Navigation

Channeling Monet: Brigitte Kozma surrounds herself with living art and inspiration

When you step out the back door of the Mill Road Gallery in Sister Bay, you can see Brigitte Kozma’s love for Claude Monet’s garden at Giverny in France reflected in her surroundings. In the width of the gallery and her home, she has densely planted flowers and trees, added three gurgling water features, and erected a small replica of Monet’s Japanese-style bridge.

She first visited Monet’s garden in 1995 while on a faculty-exchange program through the University of Wisconsin-Milwaukee that provided her and her husband, Tom Seagard, with a month in Paris, plus a few days at Giverny. 

Kozma found the gardens there to be enchanting – when she could see the water and plants through the crowds. 

She returned for another month in 2019, but that time with artist credentials that allowed her to enter the gardens with the gardeners around 6 am – before the public was admitted.
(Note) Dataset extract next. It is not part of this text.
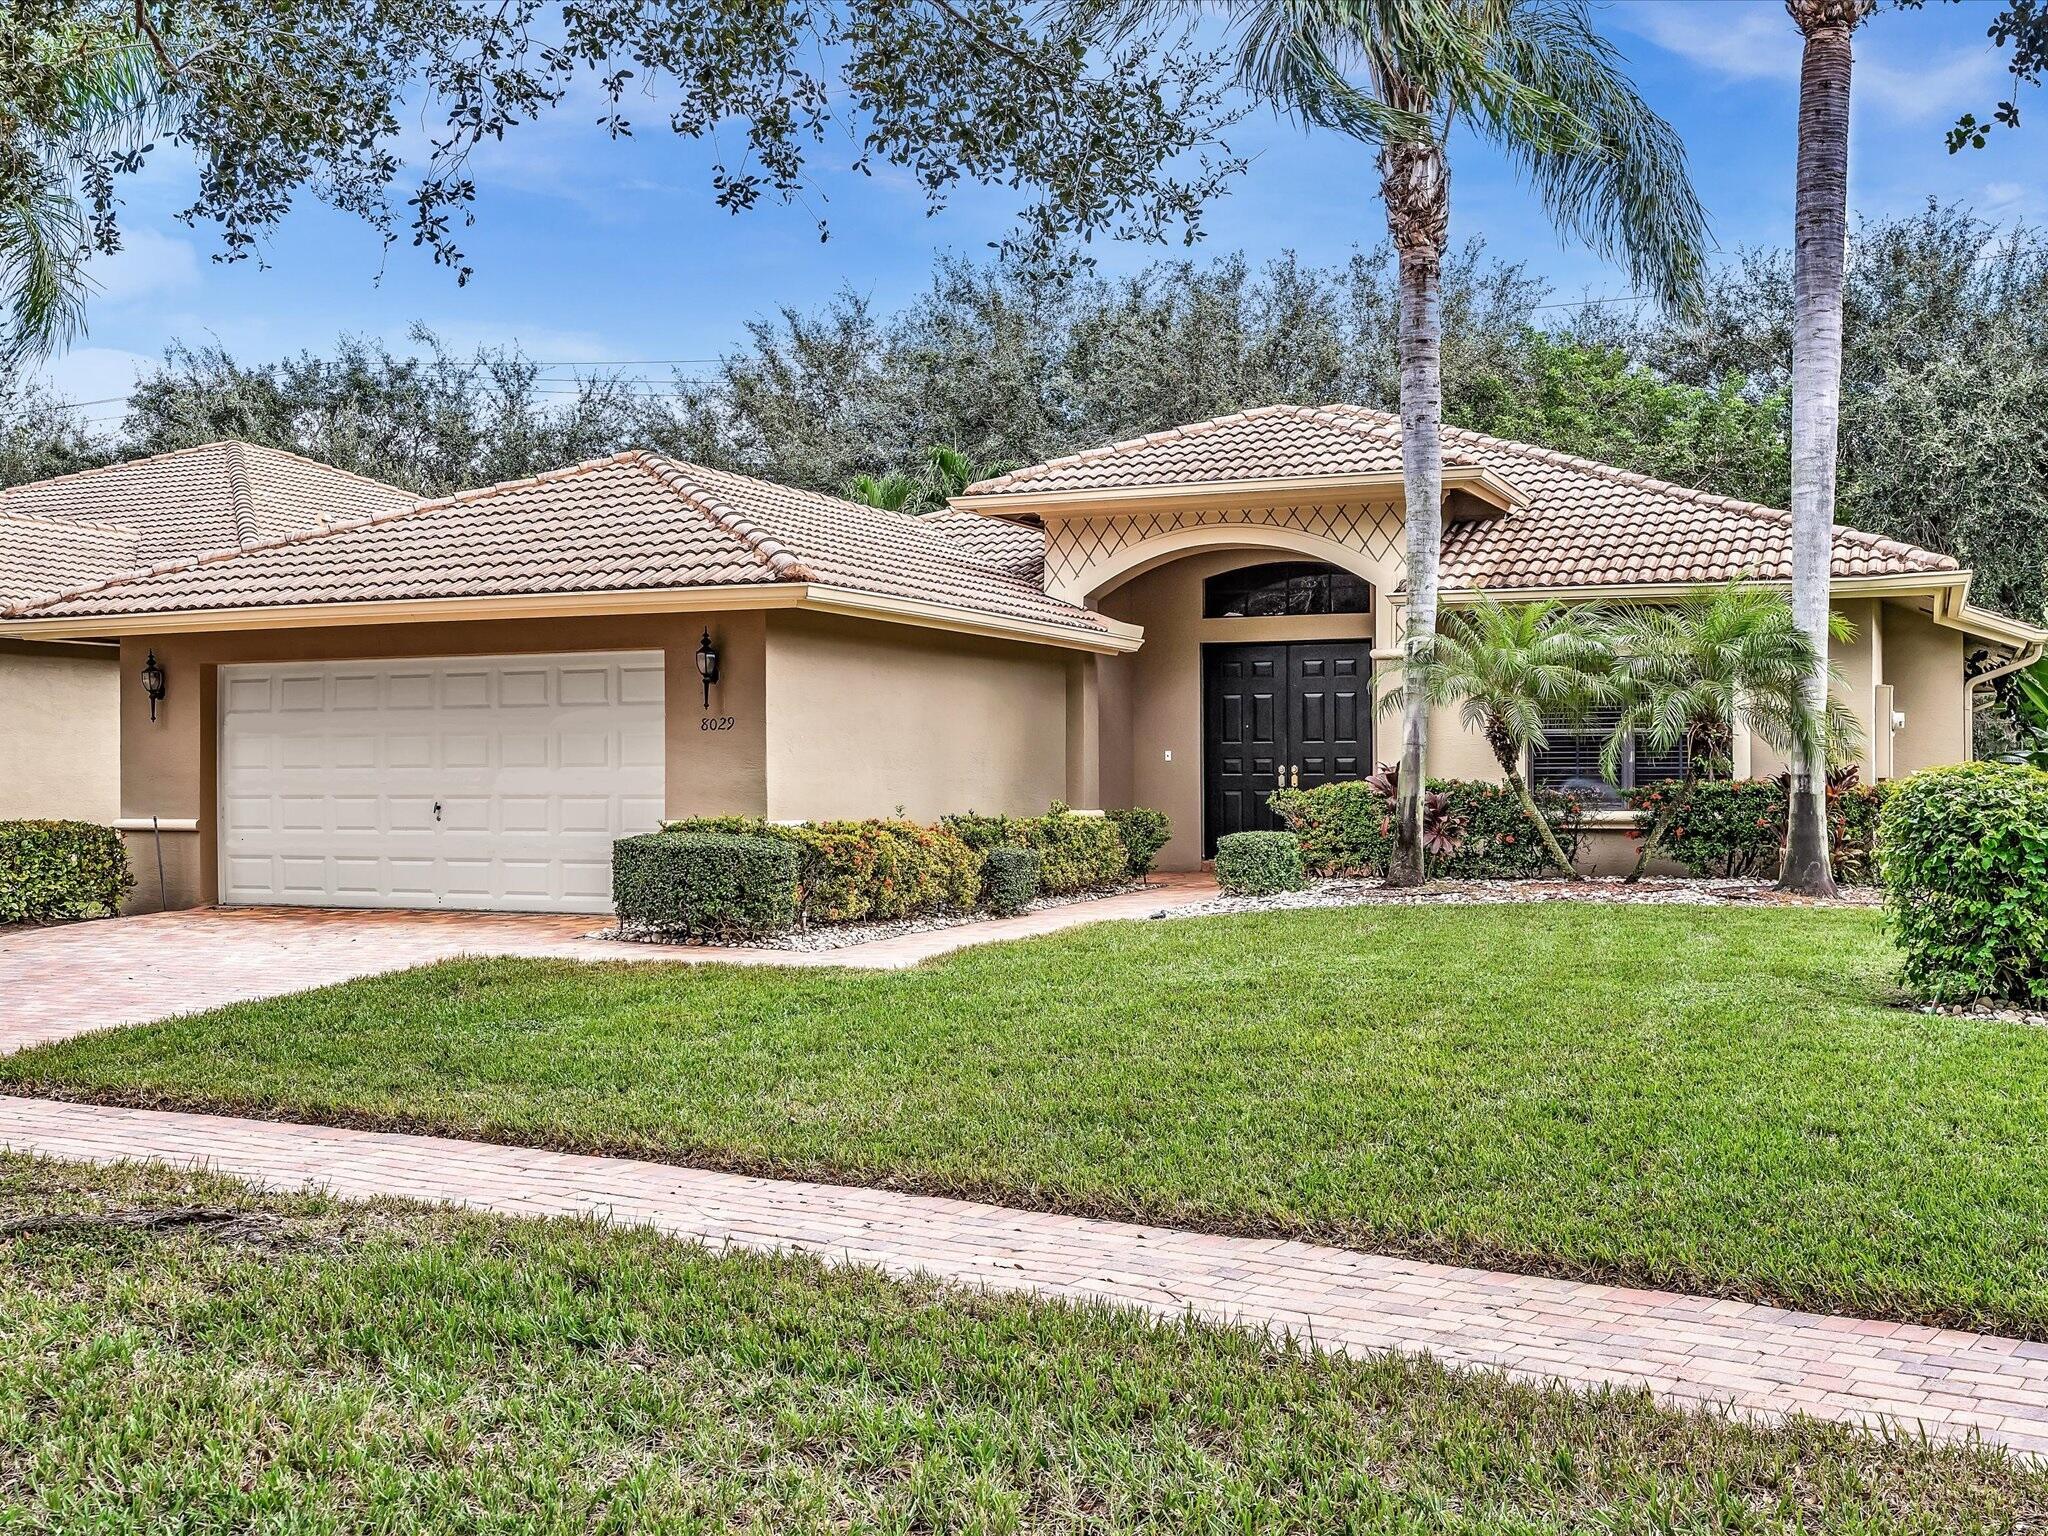 Presenting a beautiful 3/3 Venezia model located in Boynton's manned-gated community of Tivoli Reserve! This popular floor plan features a triple-split layout offering owners & guests complete privacy while providing an expansive Great Room thats centrally located and opens to a covered & screened brick paver patio. The home is situated on one of the communities full-sized private lots (not zero lot-line). Features include an upgraded eat-in Island kitchen with 42'' wood cabinetry, pull-outs & granite countertops, a large primary suite that includes two walk-In closets and an enormous bathroom with soaking tub, separate shower and his/hers countertops & sinks. Other upgrades include custom built-out closets, decorator window treatments & panel storm protection. Offered fully furnished.

She was also allowed to return after the gardens closed for a few more hours, and she used the time to take more than 4,000 photos. 

“It took me three weeks to catalog them,” Kozma said, “and now I am painting them.”

The centerpiece is a six-foot canvas – now in the planning stages – that depicts the bridge in the early morning.

“I caught it in the [morning] in the fog,” she said. “Oh, it was coming up from the surface of the water, and I’m a water fiend. I love the character of water and what it does. My painting will be not so much because of the bridge but because of the way the light hit the wisteria, and the sun from the back filtering through the fog.”

To say that Kozma paints light sounds like stating the obvious because all painters work with light – it is, after all, what makes colors – but Seagard, also a painter, said her work after Giverny is different.

“Brigitte is going into an area that I’ve not seen before, and it’s extremely light sensitive,” he said. “She puts varnish into her paint to help facilitate the blending, and that makes the paintings very, very light sensitive. So when you look at them at 8 o’clock in the morning and 8 o’clock at night, it’s completely different.”

This is a technique Kozma is familiar with from her time as an art student researching how Danish painters used varnish in their paint.

“You get the crystals and you have to heat them up, liquify them and add turps,” she said. “It brings a certain consistency to oil, and I only paint with oil.”

Kozma is entranced not only by light, but also by water.

“If it doesn’t have water, I’m not that curious,” she said. “So that’s the main point of my work. I’ve got to have some water to look at because water is its own multiple. It reflects. You can look down in it. It tells you what kind of day it is.”

In this, Kozma is well aligned with Monet, judging by how Angelica Daneo, a curator at the Denver Art Museum, described the French impressionist’s interests:

“[Monet’s] art centered on nature, and his views often incorporated water, an element that is dominant throughout his career,” she wrote in Claude Monet: The Truth of Nature, a book-length study the museum published for a vast show it hosted in 2019-20.

“He’s my god,” Kozma added. “He put everything in there [Giverny] that he wanted. What a wonderful way to spend a life.”

With her own garden, Kozma seeks neither to repeat nor to achieve the same level of work that Monet did; instead, she is trying to create for herself the combination of tranquility and visual catalysts that inspired Monet. 

“[My goal] was to surround myself with the same atmosphere that he must have been living in when he was creating,” Kozma said, “because from what I read, he was inspired by just sitting and looking at his garden. I understand fully what turned on his soul.”

Kozma and Seagard opened the Mill Road Gallery in 1971, and are celebrating their 50th year displaying art in the gallery. The gallery is located at 2328 Mill Rd, Sister Bay.